**Aim of the exercise**: What you give back must match the data exactly, minus the pictures.

**Information supplied**:
▬▬▬▬▬▬▬▬▬▬

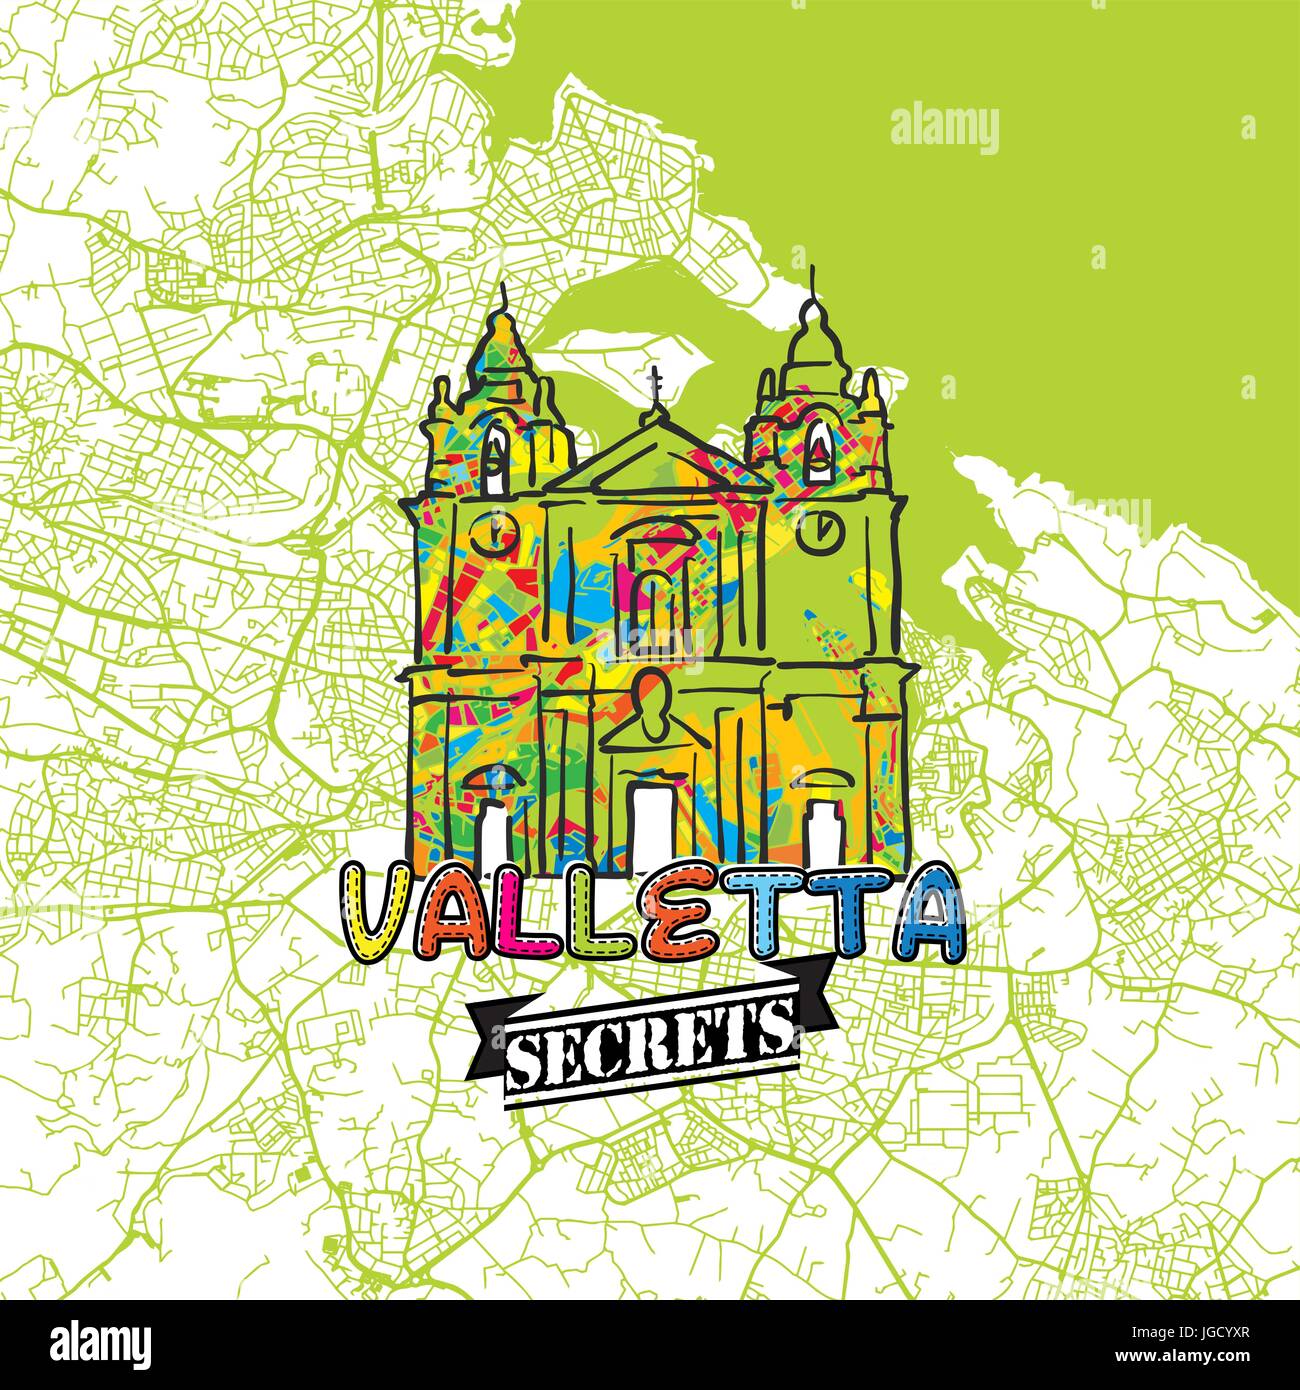 Valletta reisen Geheimnisse Art Map für die Zuordnung von Experten und Reiseführer. Handgemachte Stadt Logo, Typo-Abzeichen und Hand gezeichnete Vektor-Bild an der Spitze sind gruppiert eine Stock Vektor
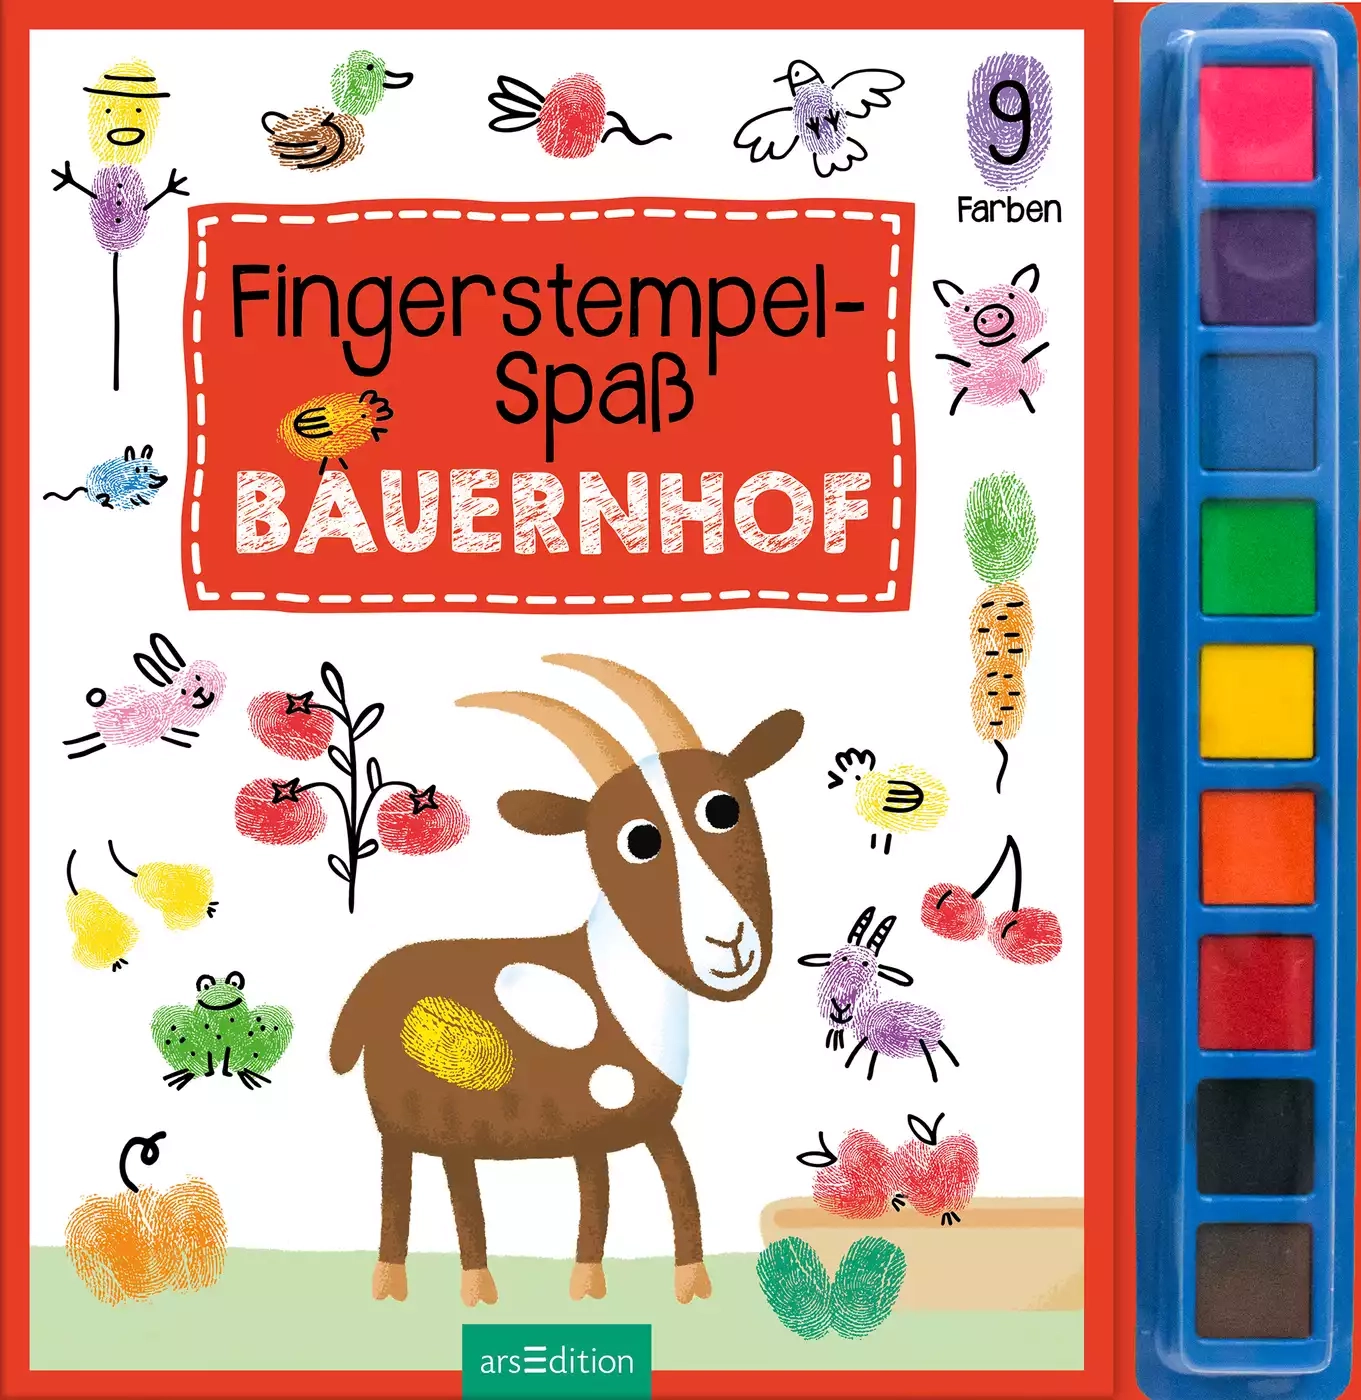 Fingerstempel-Spaß Bauernhof arsEdition 2000582213407 3
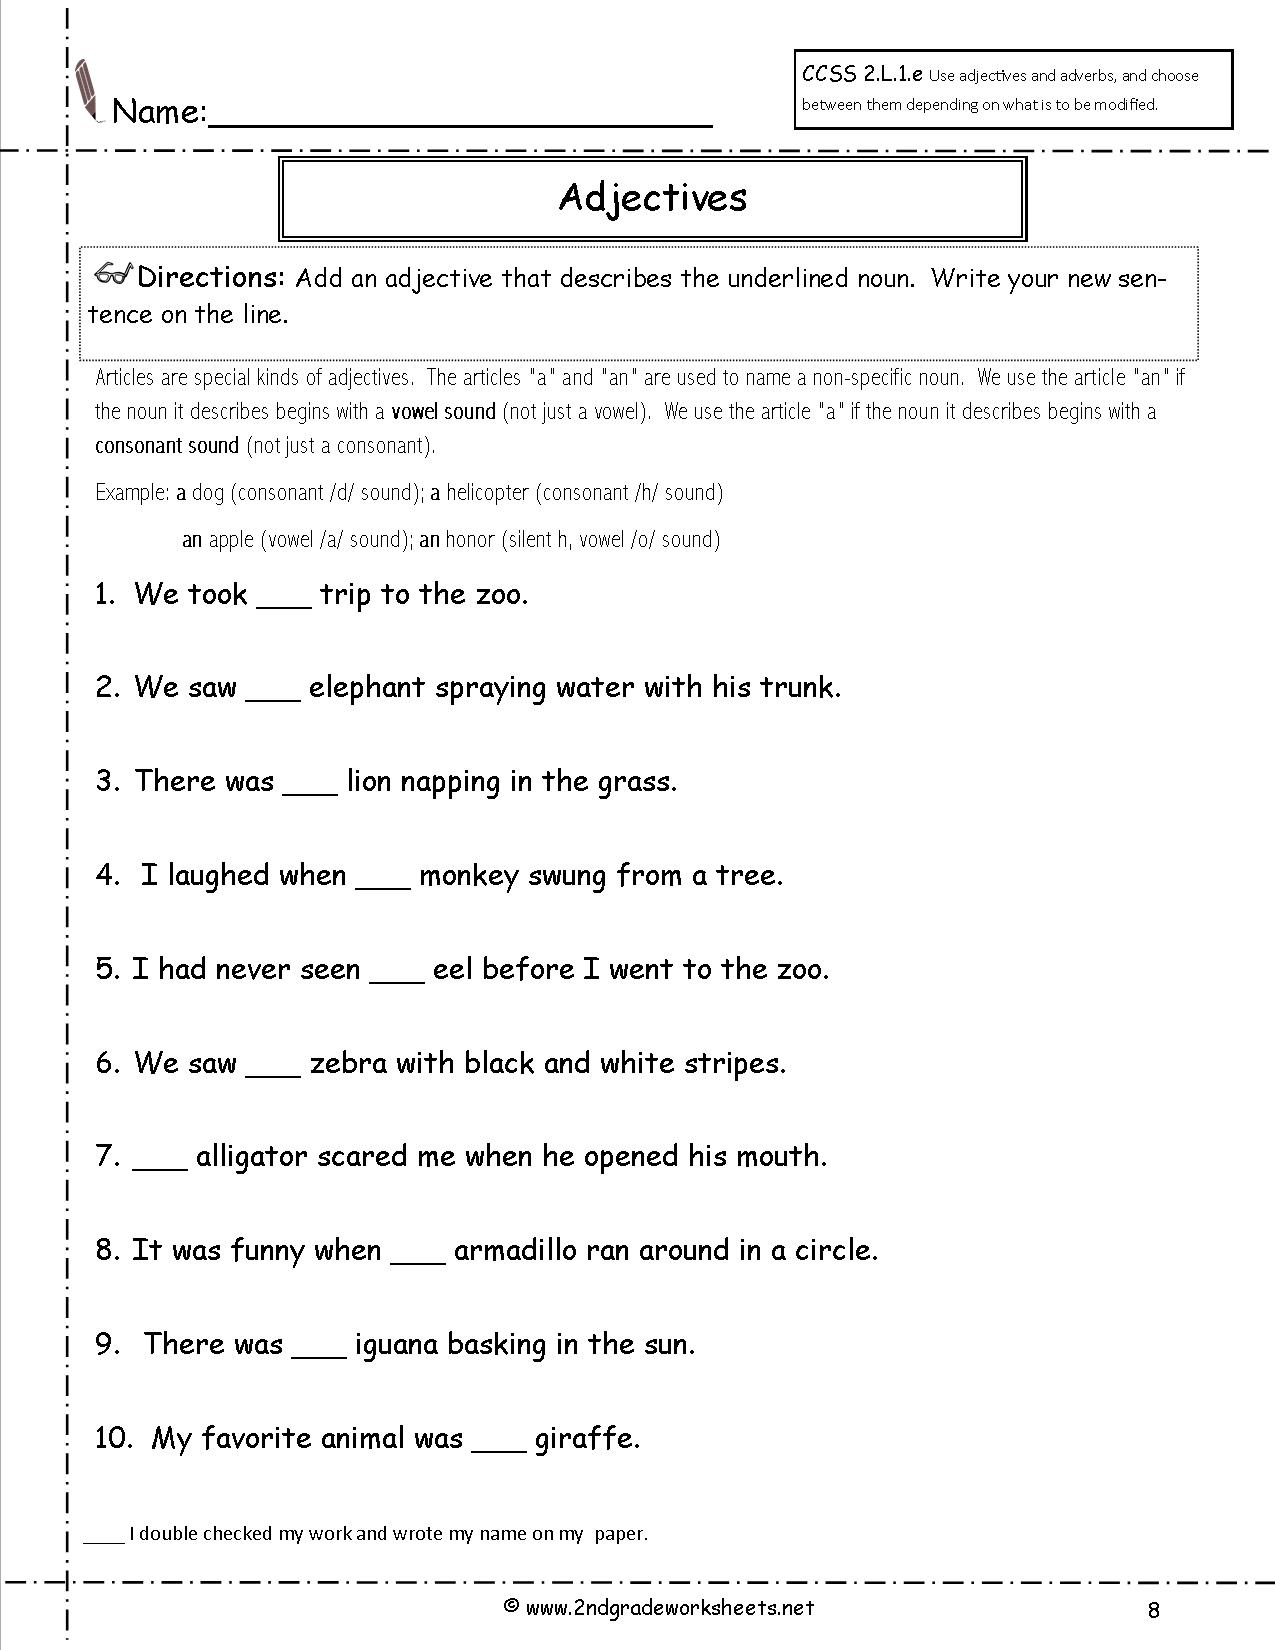 14 Best Images Of Forming Sentences Worksheets 2nd Grade Grammar Worksheets Adjectives
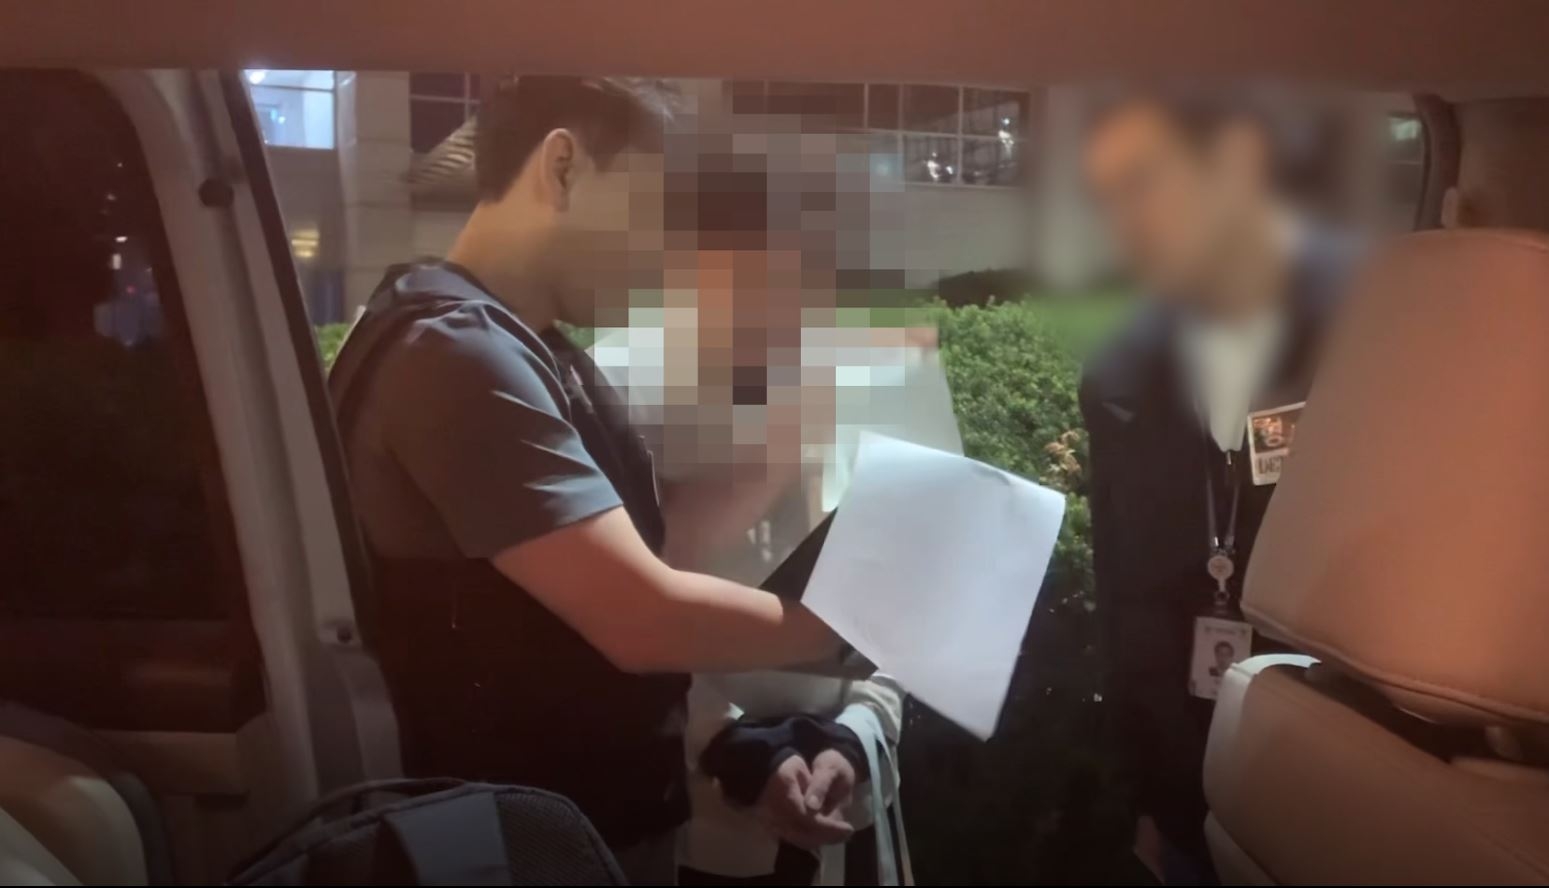 경찰이 중고거래 사이트에서 수년간 판매 사기를 친 피의자에 대해 체포영장을 집행하고 있다. 경기남부경찰청 제공

▬▬▬▬▬▬▬▬▬▬

**Expected answer**:
 Valletta reisen Geheimnisse Art Map für die Zuordnung von Experten und Reiseführer. Handgemachte Stadt Logo, Typo-Abzeichen und Hand gezeichnete Vektor-Bild an der Spitze sind gruppiert eine Stock Vektor
 Fingerstempel-Spaß Bauernhof arsEdition 2000582213407 3
 14 Best Images Of Forming Sentences Worksheets 2nd Grade Grammar Worksheets Adjectives
 경찰이 중고거래 사이트에서 수년간 판매 사기를 친 피의자에 대해 체포영장을 집행하고 있다. 경기남부경찰청 제공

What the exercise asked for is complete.